Find work done by force given distances and times

1. Dec 8, 2015

dsb1713

1. The problem statement, all variables and given/known data
A 1.0 kg body is at rest on a friction-less horizontal air track when a constant horizontal force F acting in the positive direction of an x axis along the track is applied to the body. A stroboscopic graph of the position of the body as it slides to the right is shown in (the) figure. The force F is applied to the body at t = 0, and the graph records the position of the body at 0.5 second intervals. How much work is done on the body by the applied force F between t = 0 and t= 2.0 seconds?

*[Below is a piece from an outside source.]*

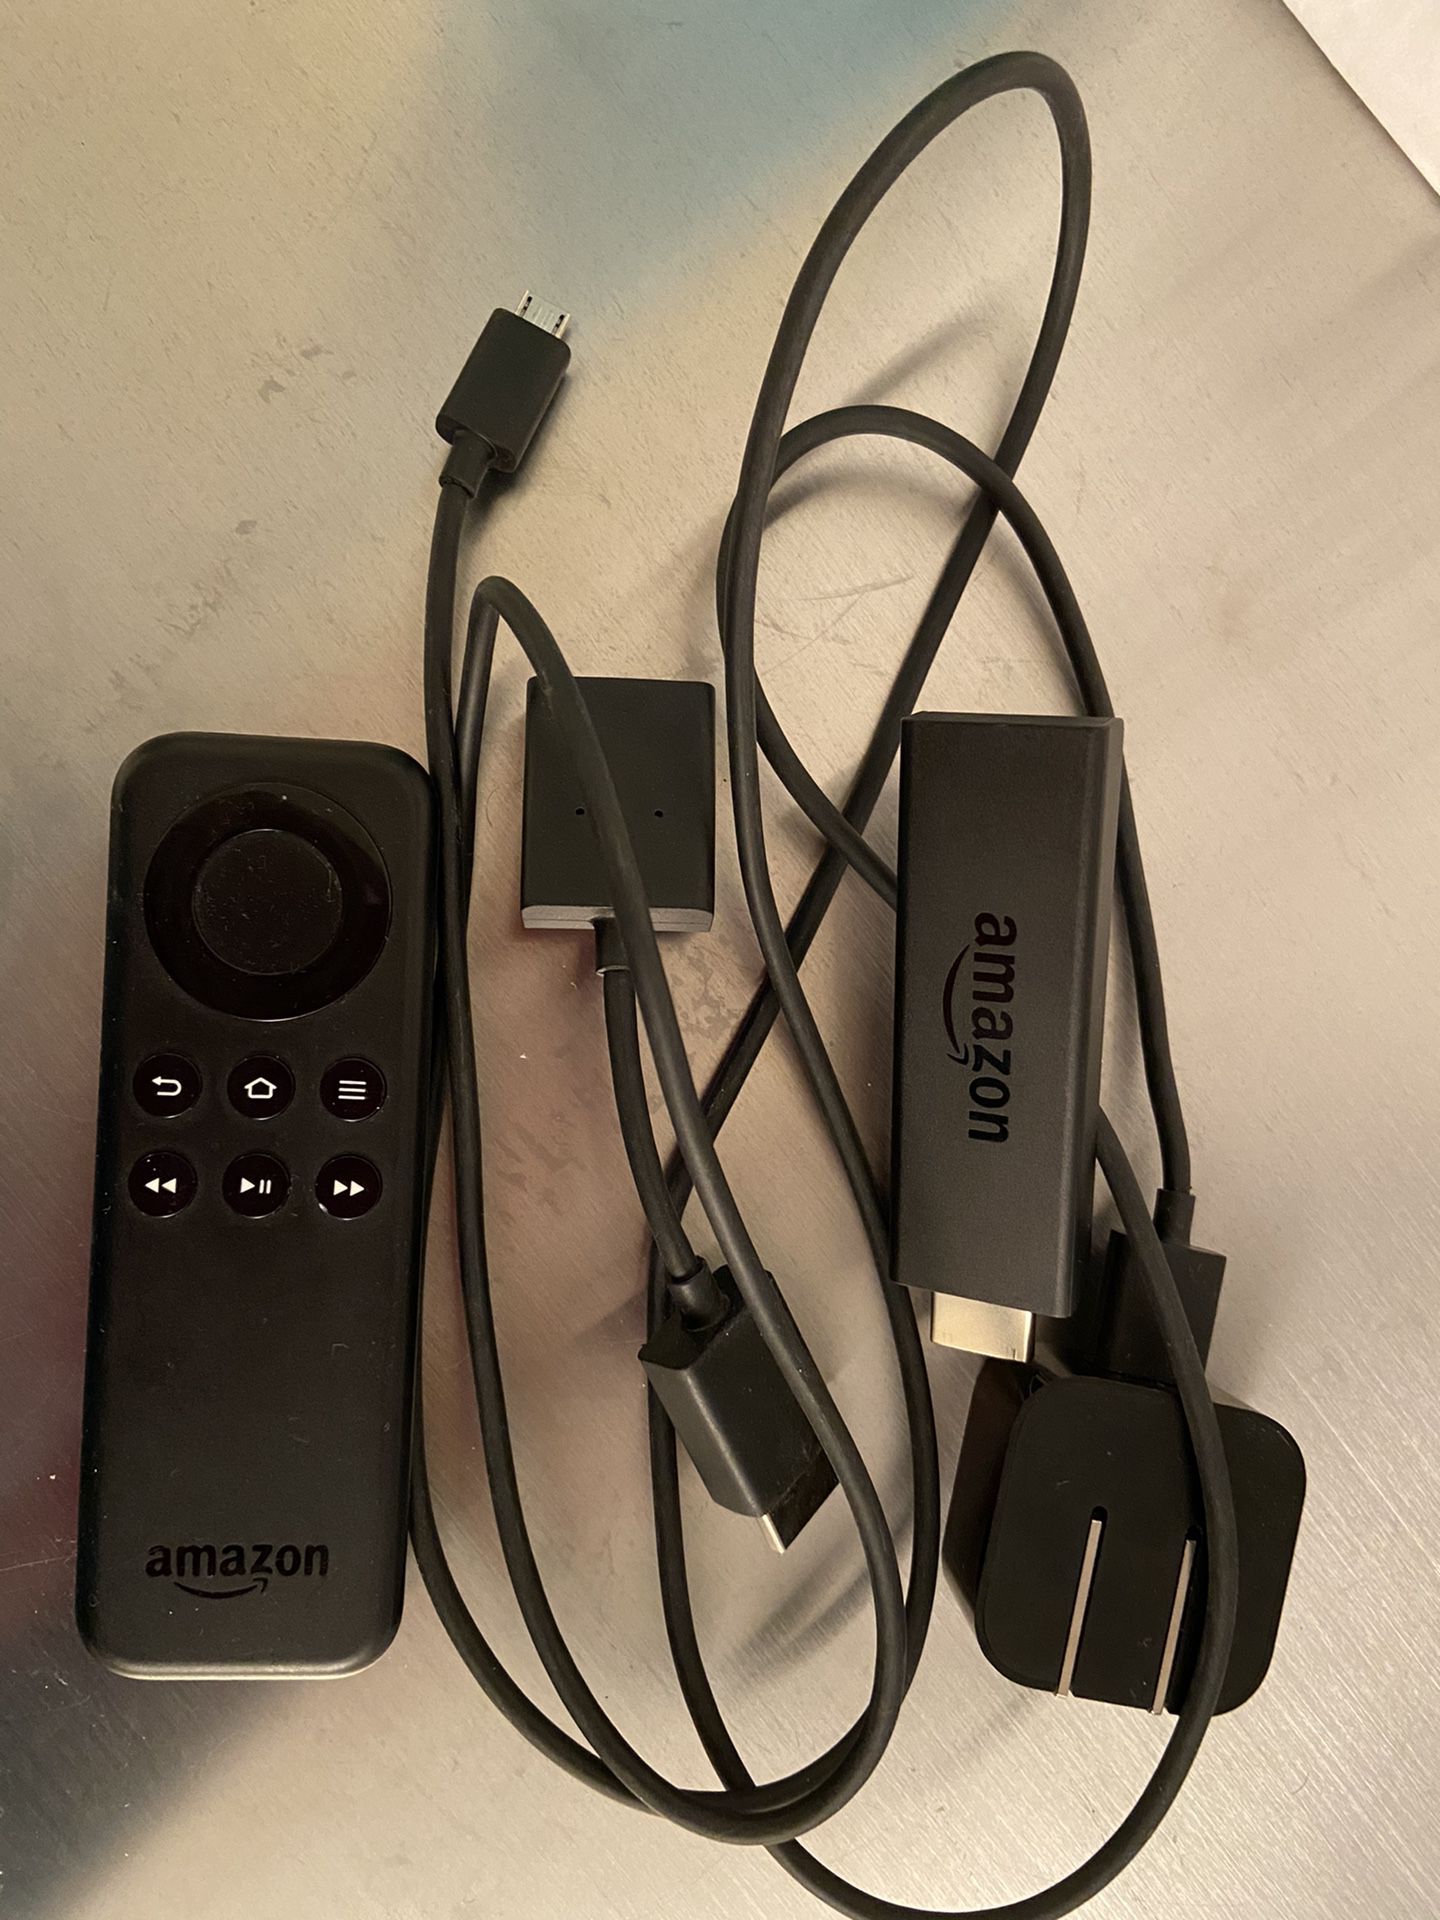 Amazon Fire TV Stick - 1st gen

At 0.5 seconds, the distance is 0.04 meters, at 1 second it is 0.2 meters, at 1.5 seconds it is 0.44 meter, at 2 seconds it is 0.8 meters.

2. Relevant equations
Work is equal to the change of kinetic energy. W=Kf-Ki.
Kinetic energy is equal to one half the mass times instantaneous velocity squared. K=1/2 mv^2
Displacement is equal to one half times initial velocity plus final velocity, multiplied by the time. Xf-Xi=(Vi+Vf)/2 *t
3. The attempt at a solution
I am doing this exercise in order to practice for our final test. I've found a solution, but my professor refuses to provide us with an answer key to the practice problems he gave us, so I cannot check whether my work is correct. I've found similar problems online but none with my exact numbers.

Solution attempt:
Because the object starts from rest, I assume the initial kinetic energy will be zero. Thus, because work is the change in kinetic energy, which is Kf minus Ki, it should be equal solely to the final kinetic energy. Therefore, we must find Kf.
Kf=1/2mv^2
We lack the final velocity Vf. However, given that we know the displacement and the time, we can find it by isolating the Vf variable from the following equation: Xf-Xi=(Vi+Vf)/2 *t
Vf will be equal to 0.8m/s
Plugging it into the previous Kinetic energy function, we get a total work of 0.32J.
Is my response correct? Is there a better approach?

2. Dec 8, 2015

Staff: Mentor

Hi dsb1713, Welcome to Physics Forums.

I've changed your thread title to: "Find work done by force given distances and times". This is to comply with forum rules that require thread titles to be descriptive of the thread content and the nature of the problem.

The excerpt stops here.